Records for this task:
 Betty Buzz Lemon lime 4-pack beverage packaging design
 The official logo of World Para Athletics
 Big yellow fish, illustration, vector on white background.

==

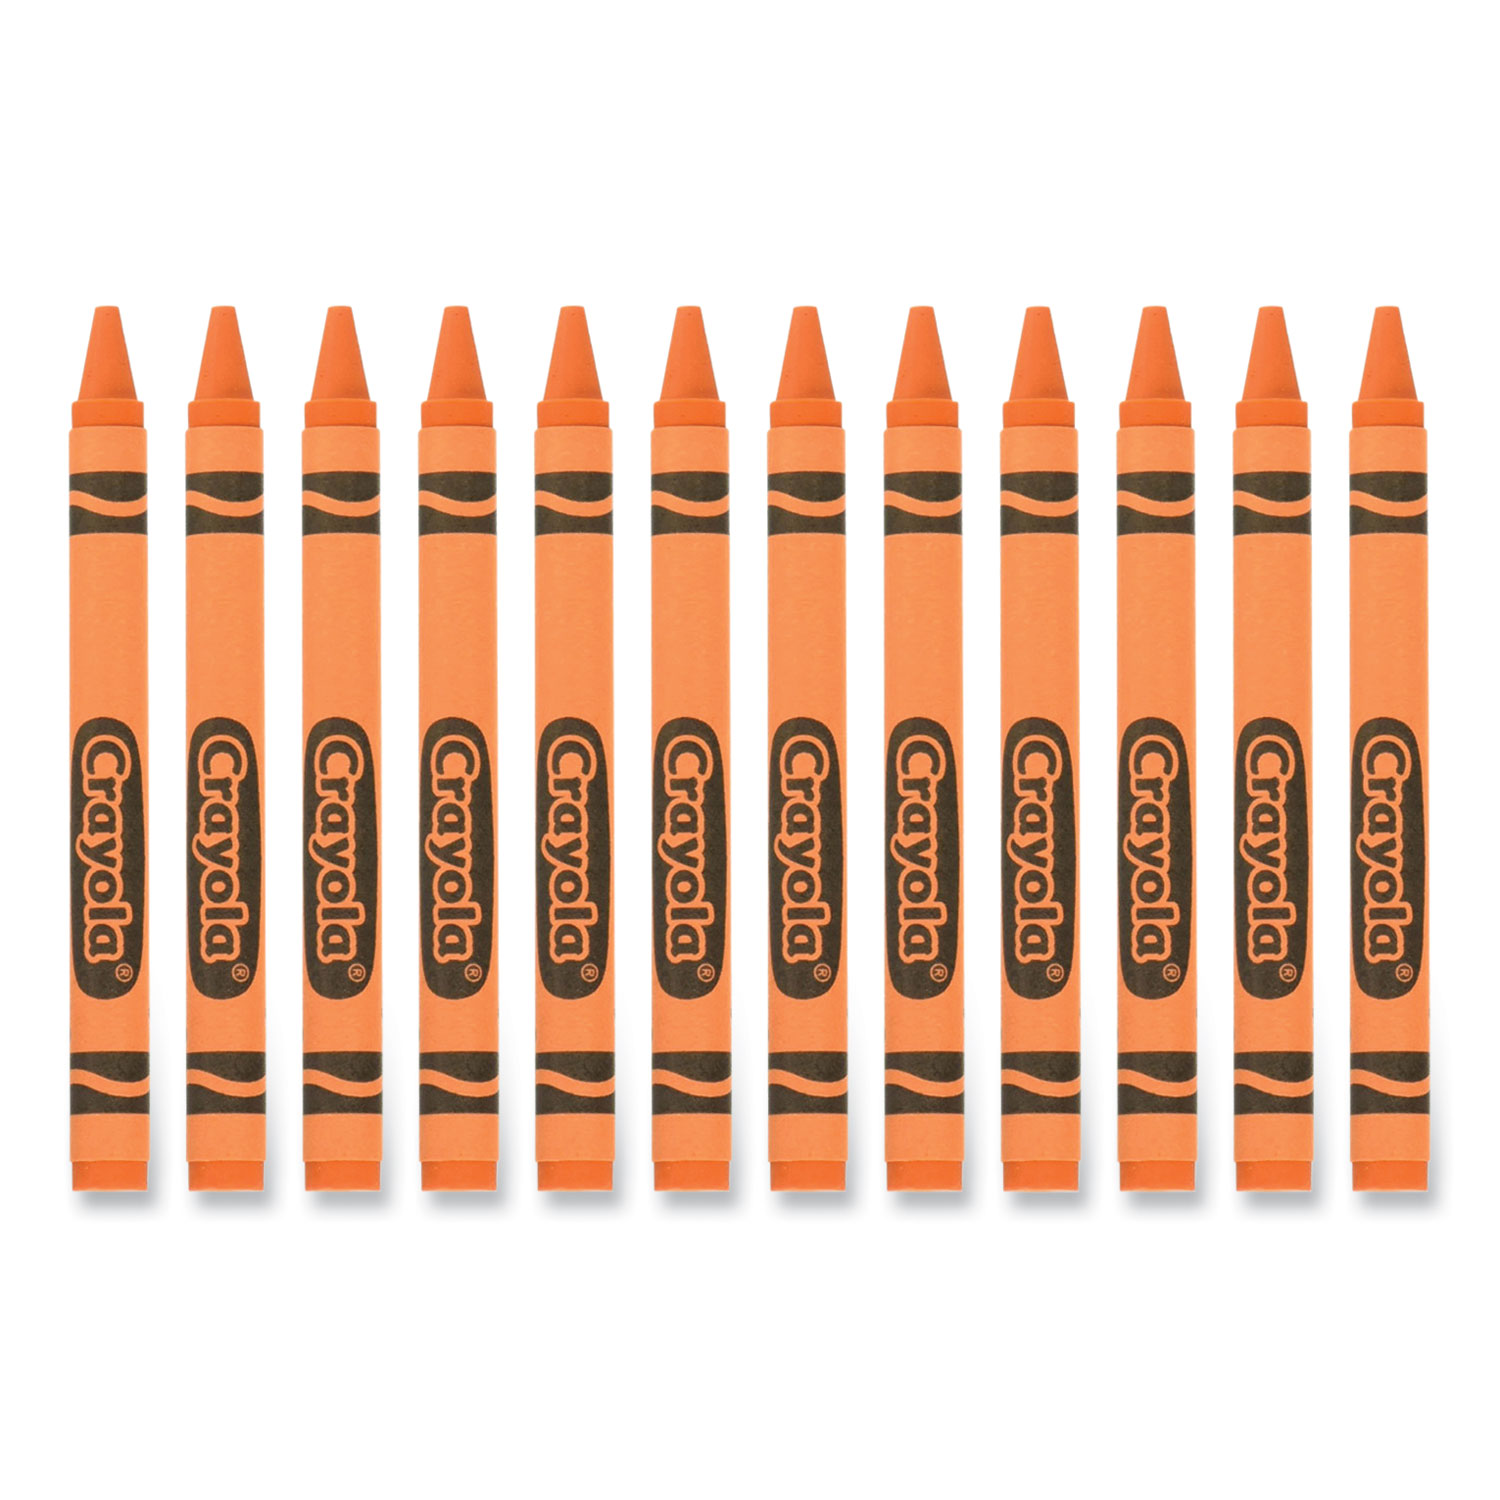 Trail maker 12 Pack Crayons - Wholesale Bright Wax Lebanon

--

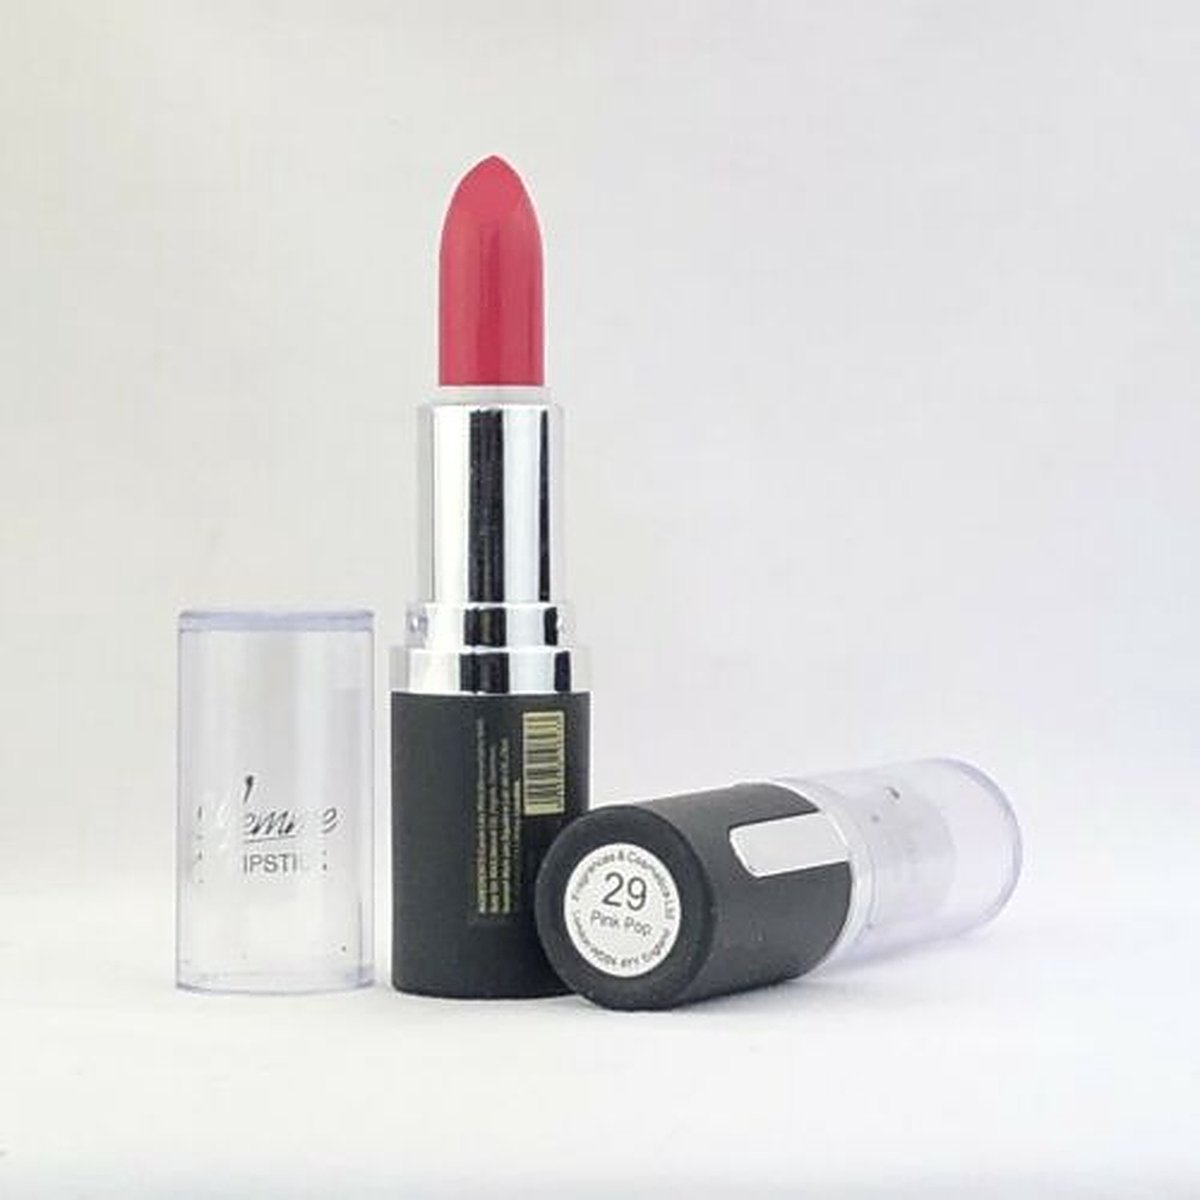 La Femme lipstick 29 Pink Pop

Task item: Copy out the range of lines above starting at the line with "Betty Buzz Lemon" and ending at the line with "Big yellow fish, illustration, vector", exactly and including both.

Solution below:
 Betty Buzz Lemon lime 4-pack beverage packaging design
 The official logo of World Para Athletics
 Big yellow fish, illustration, vector on white background.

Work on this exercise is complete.